Task brief – Without including any images, please transcribe all the lines below exactly.

::: Supplied information :::

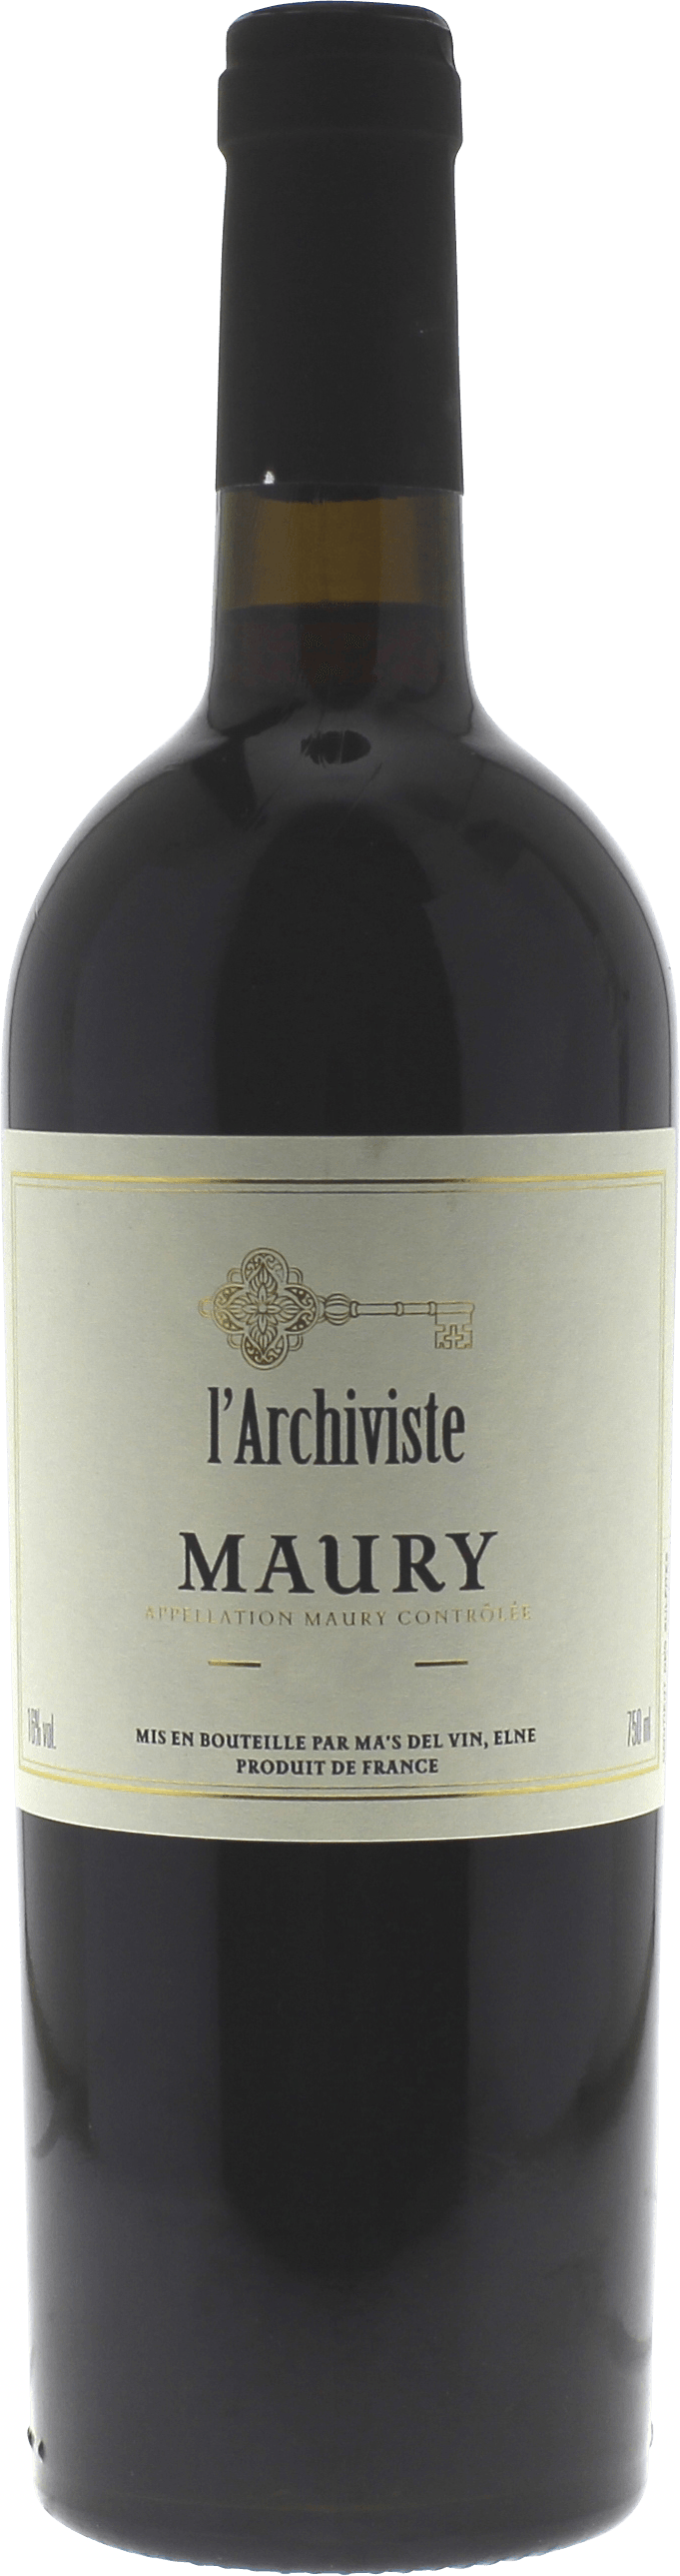 Maury l'archiviste 1990 Vin doux naturel Rivesaltes, Vin doux naturel
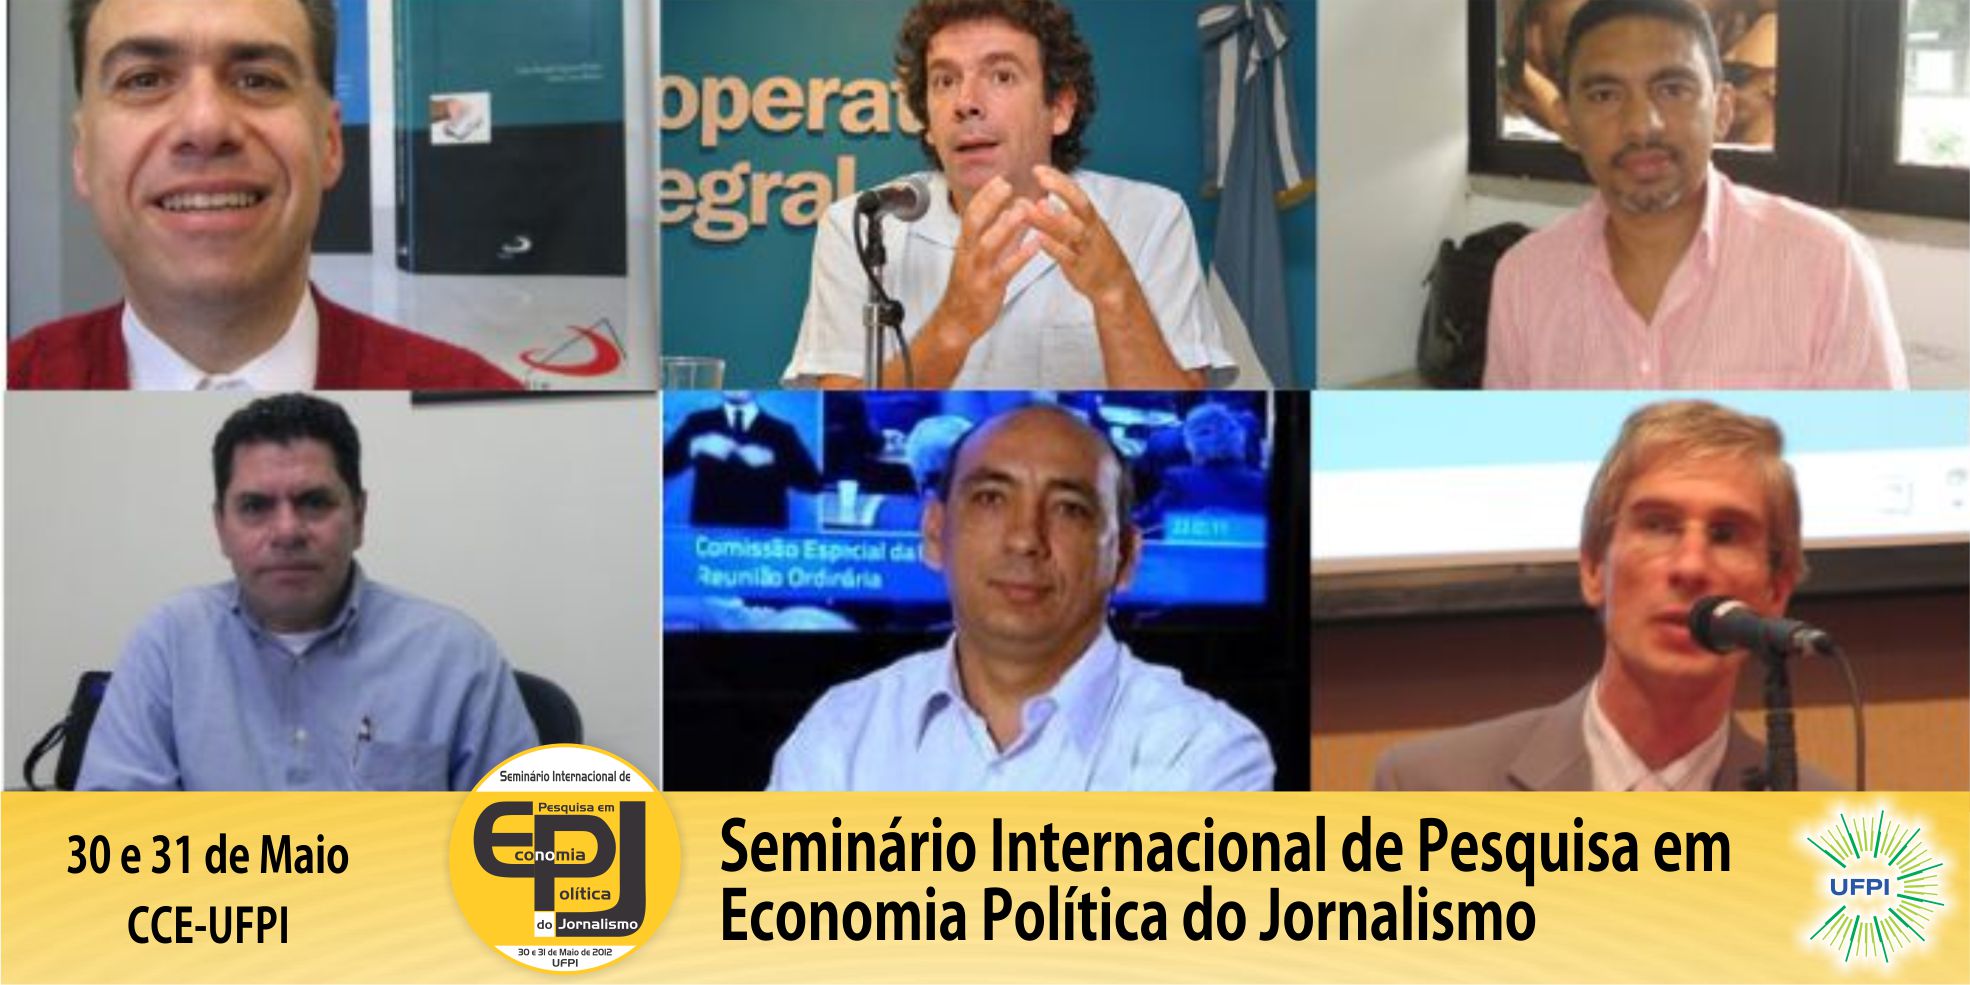 UFPI sedia Seminário Internacional de Economia Política do Jornalismo
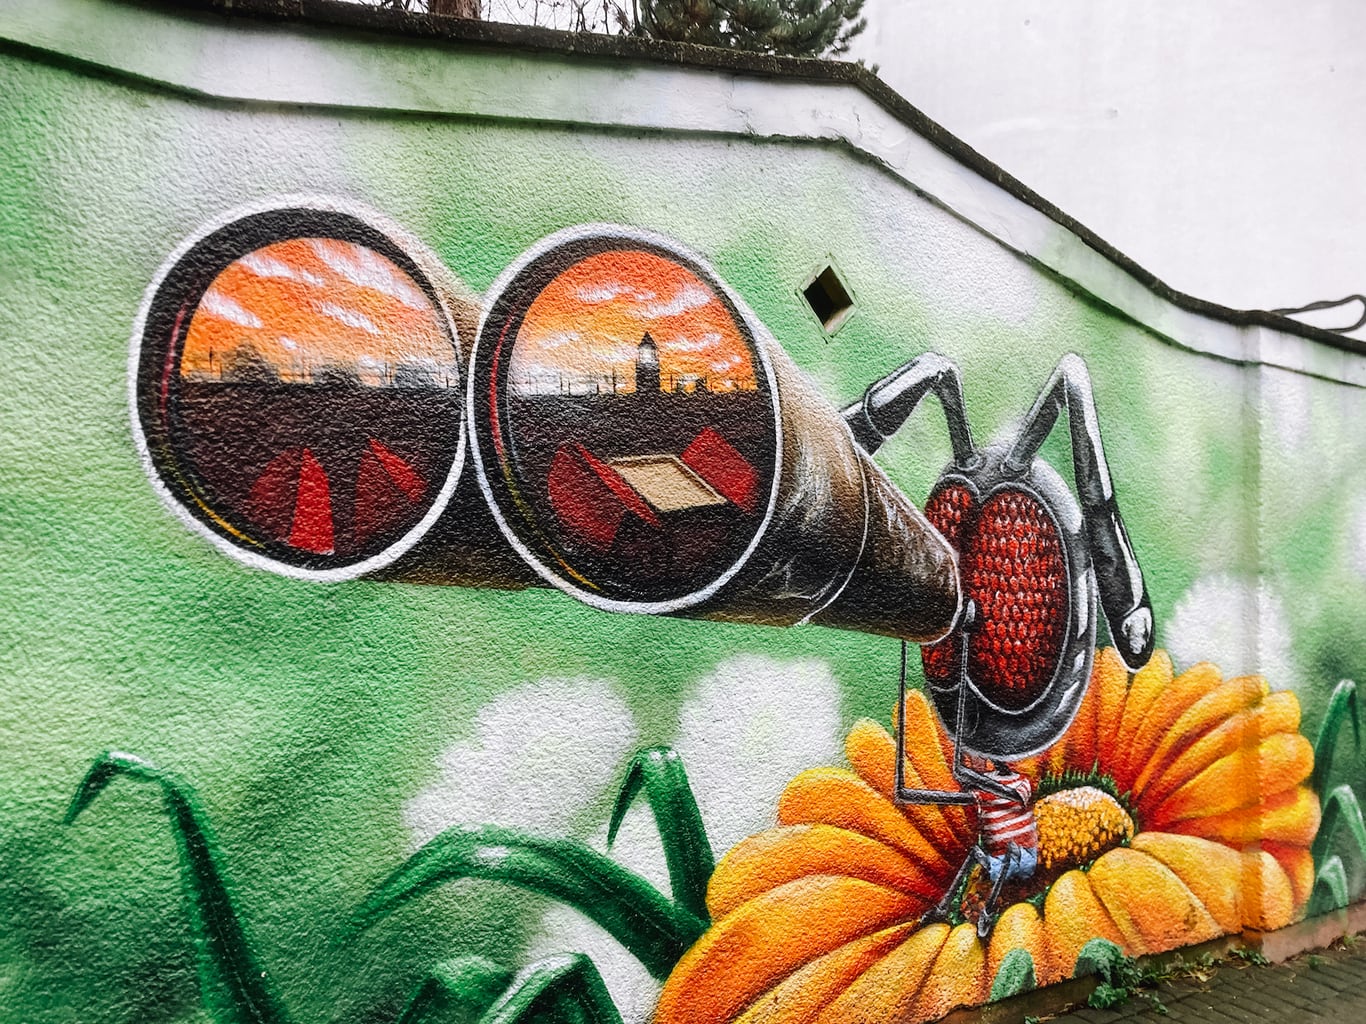 Insect met verrekijker street art in Ehrenfeld

:::

Written answer –
 Maury l'archiviste 1990 Vin doux naturel Rivesaltes, Vin doux naturel
 UFPI sedia Seminário Internacional de Economia Política do Jornalismo
 Insect met verrekijker street art in Ehrenfeld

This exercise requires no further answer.